Discussion: Provider–Patient Confidentiality With School-Age Children And Adolescents
When treating pediatric patients in clinical settings, you also treat patients’ families. With younger patients, this tends to be a seamless process. However, as patients age and grow into the adolescent years, the provider-patient-family relationship becomes more complex. The change in this dynamic often creates questions in provider-patient confidentiality. As the advanced practice nurse providing care for school-age children, adolescents, and their families, how do you handle these confidentiality issues? If a child is a minor, do you have to maintain provider-patient confidentiality? When is it appropriate to allow patients privacy? When is it your legal and ethical duty to involve family members? How do you facilitate the care of a minor when you have to work with parents and still maintain patient trust?

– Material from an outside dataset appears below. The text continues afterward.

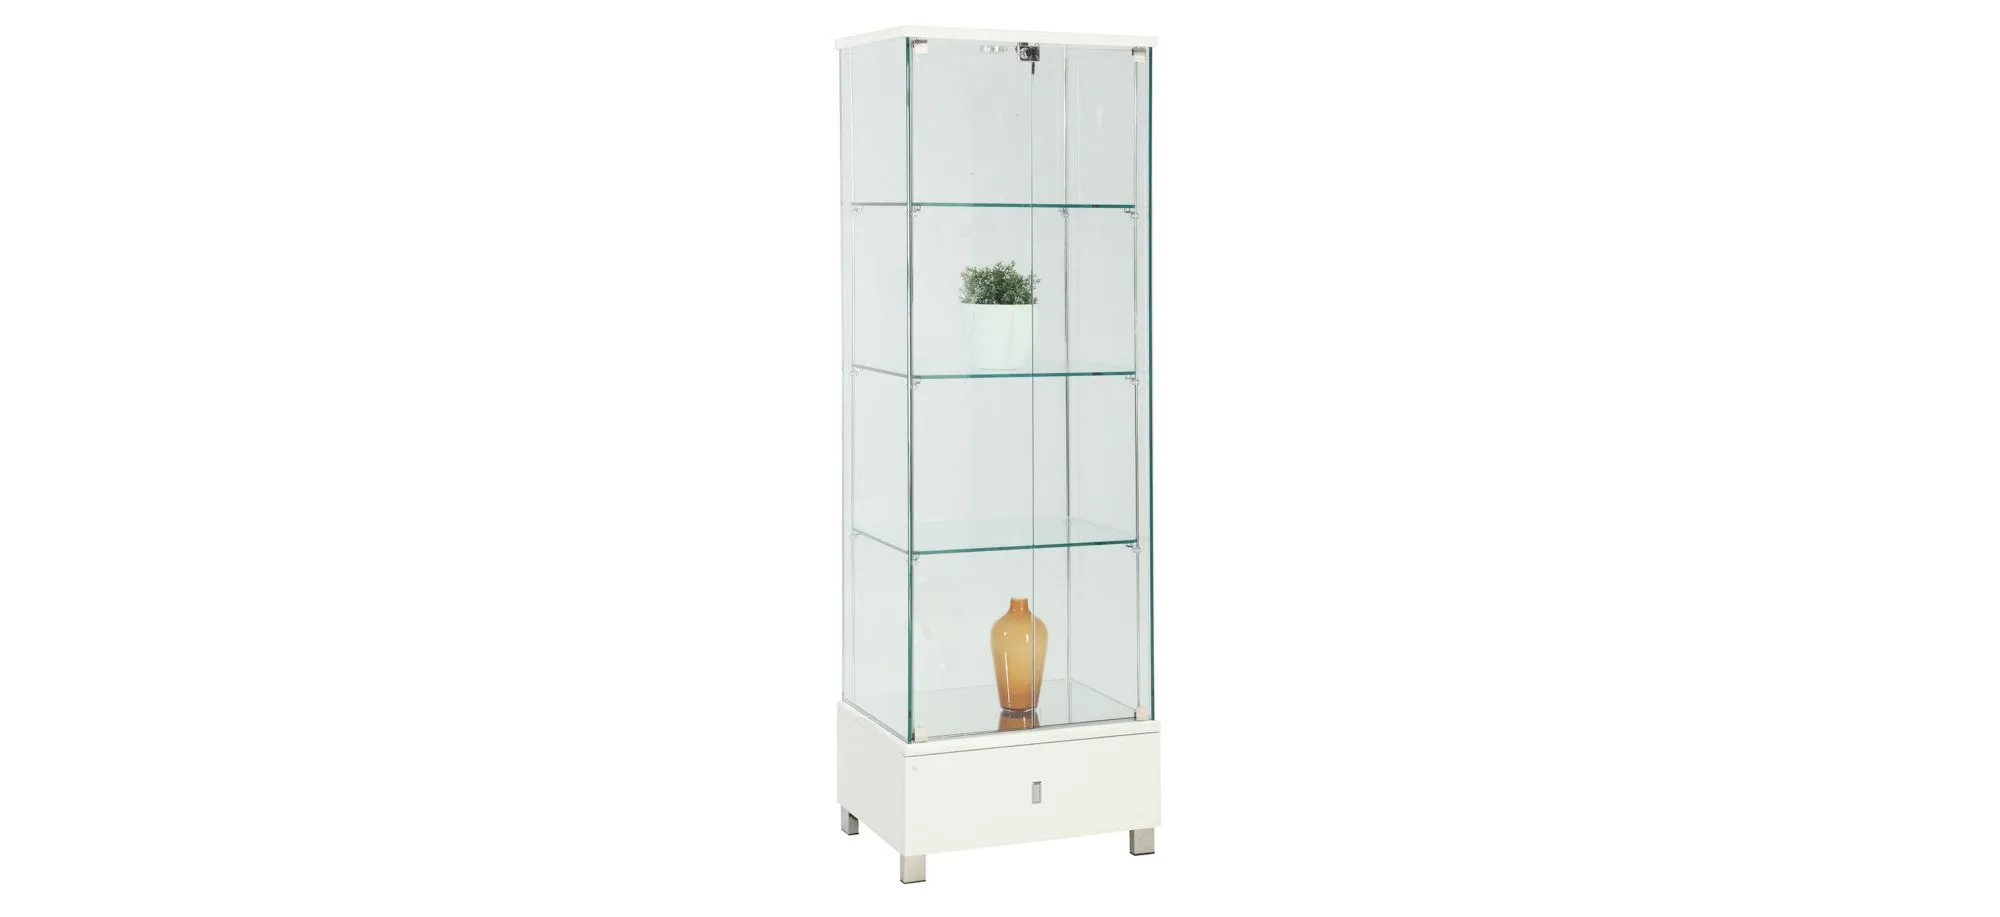 Cibolo Glass Curio w/ LED Lights in White by Chintaly Imports

Consider the following three case studies.
Case Study 1
You receive a phone call from a mother who is concerned that her son is using drugs. The 16-year-old boy is seeing you in the afternoon for a follow-up for acne. The mother requests that you obtain a drug test during the visit, but she does not want her son to know he is being screened or that she requested screening because “I don’t want him to stop trusting me.”
Case Study 2
A 17-year-old girl comes to your office with a complaint of abdominal pain and missed periods. She thinks she may be pregnant. She requests pregnancy testing and does not want you to tell her parents if she is pregnant.
Case Study 3
The father of a 10-year-old boy calls your office to request assistance with an Individualized Educational Plan (IEP) for his son who was recently diagnosed with attention deficit hyperactivity disorder (ADHD). He wants you to contact the school and to facilitate getting an IEP developed.